→ **Data below**:
--- START ---
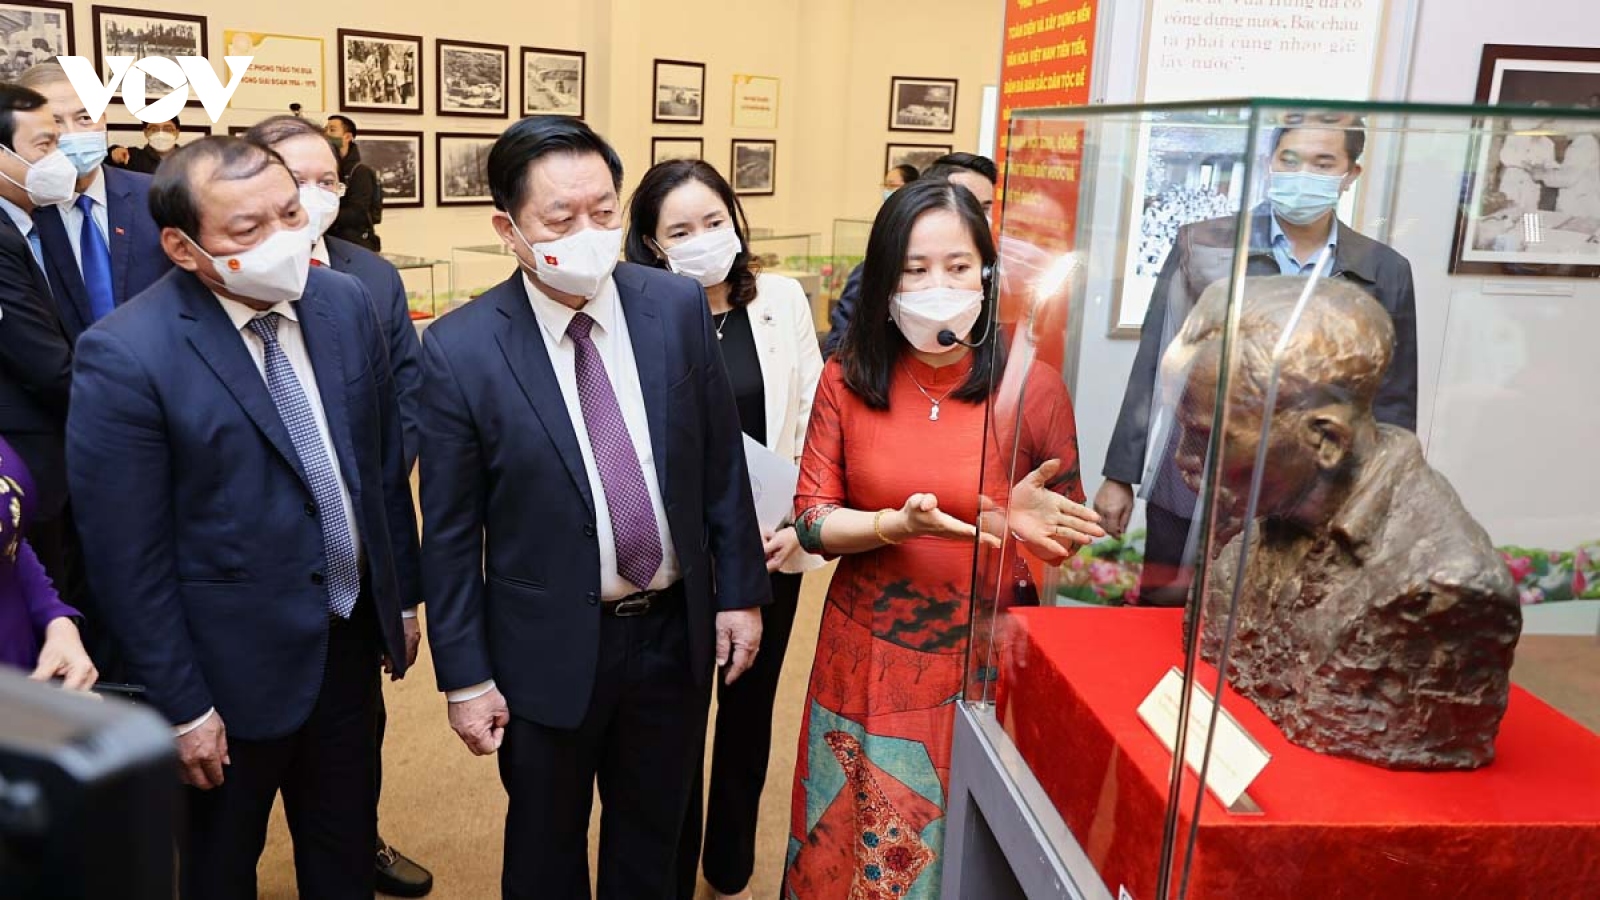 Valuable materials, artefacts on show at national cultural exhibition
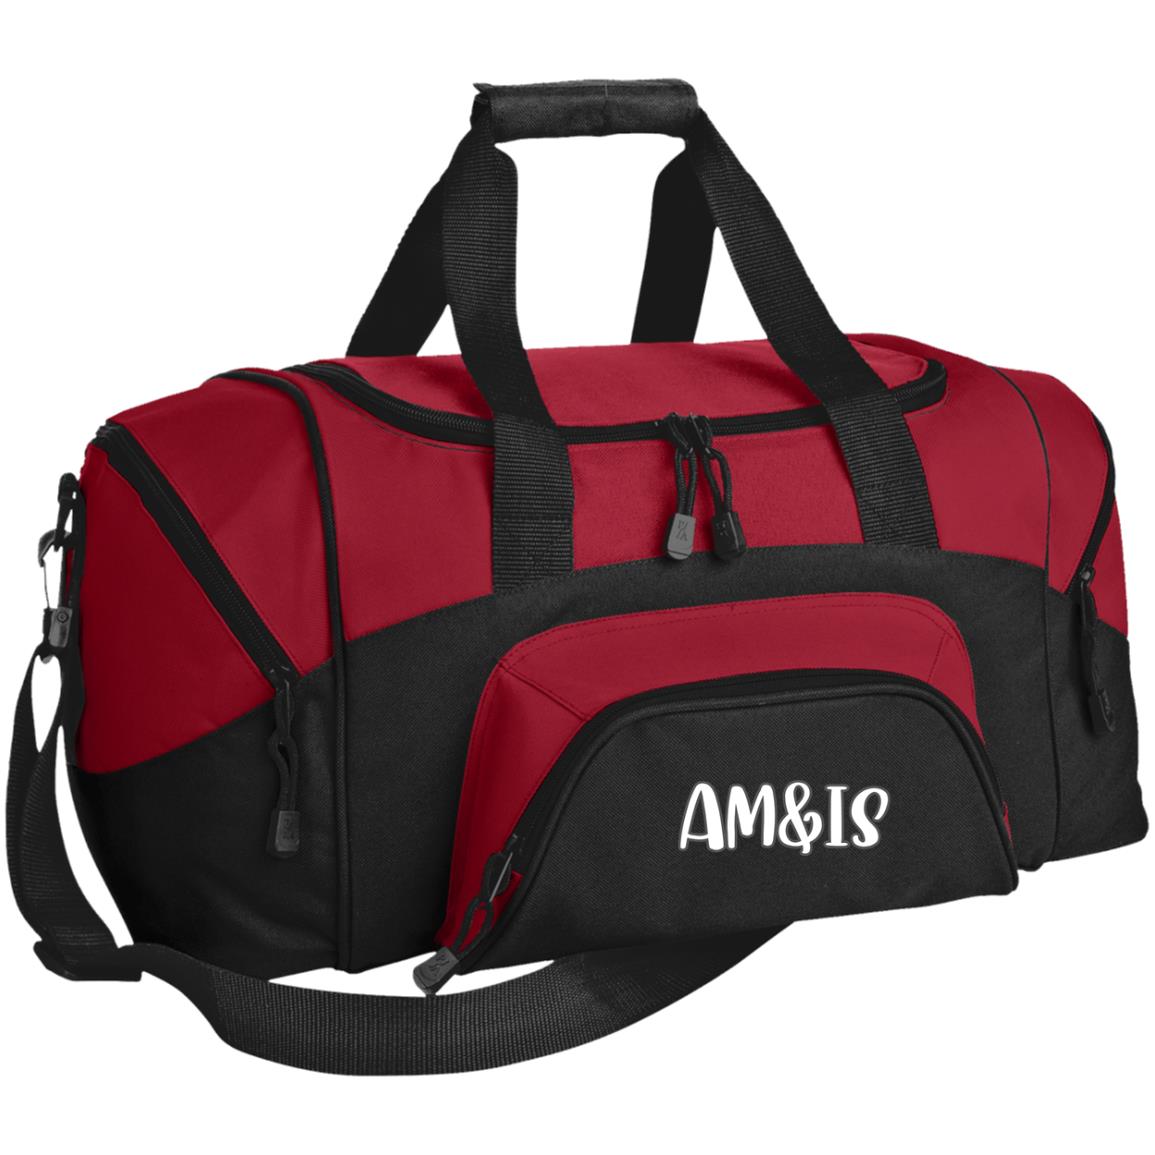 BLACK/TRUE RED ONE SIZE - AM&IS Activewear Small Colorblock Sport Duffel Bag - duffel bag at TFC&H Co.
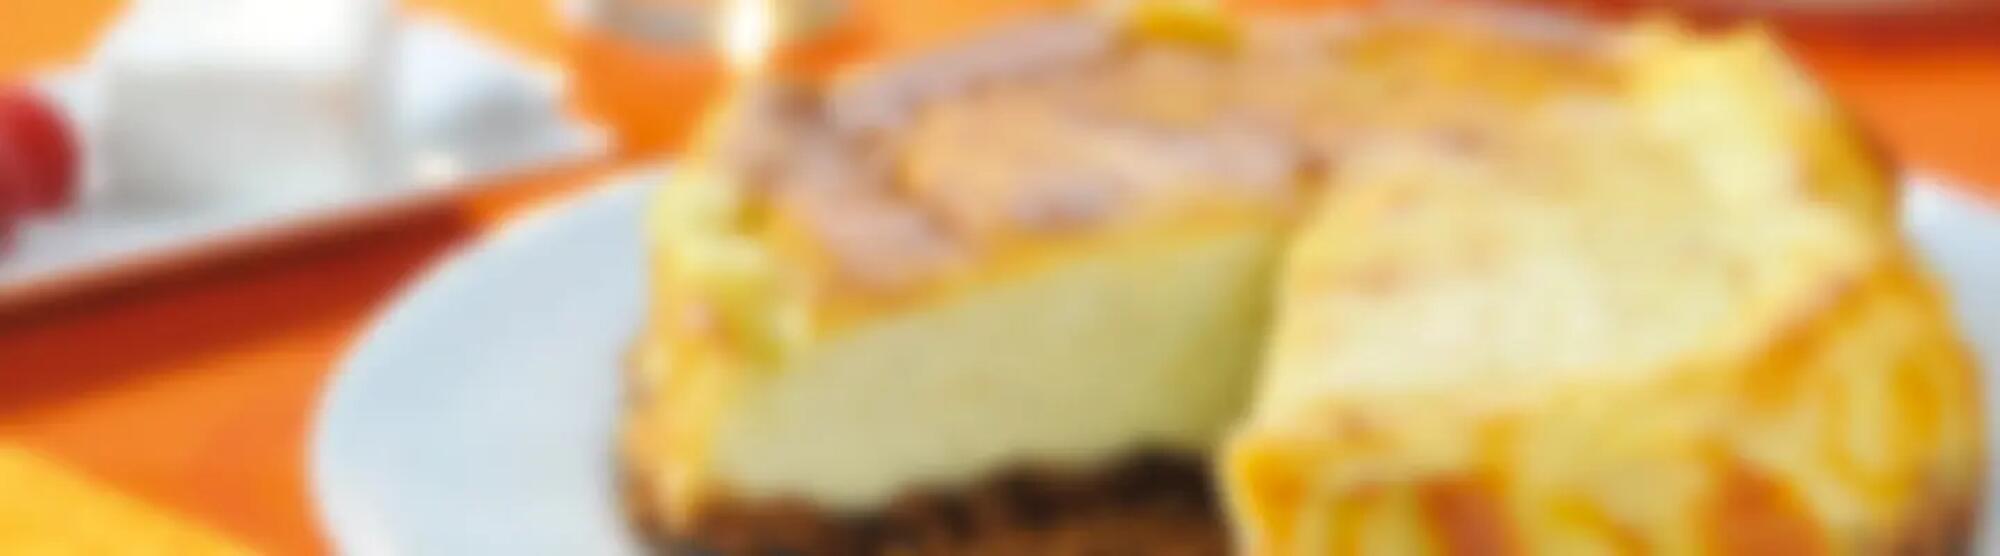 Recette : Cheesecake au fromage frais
--- END ---
→ **Activity**:
Without the pictures, retype all of the data above exactly.

→ **Answer for the task**:
 Valuable materials, artefacts on show at national cultural exhibition
 BLACK/TRUE RED ONE SIZE - AM&IS Activewear Small Colorblock Sport Duffel Bag - duffel bag at TFC&H Co.
 Recette : Cheesecake au fromage frais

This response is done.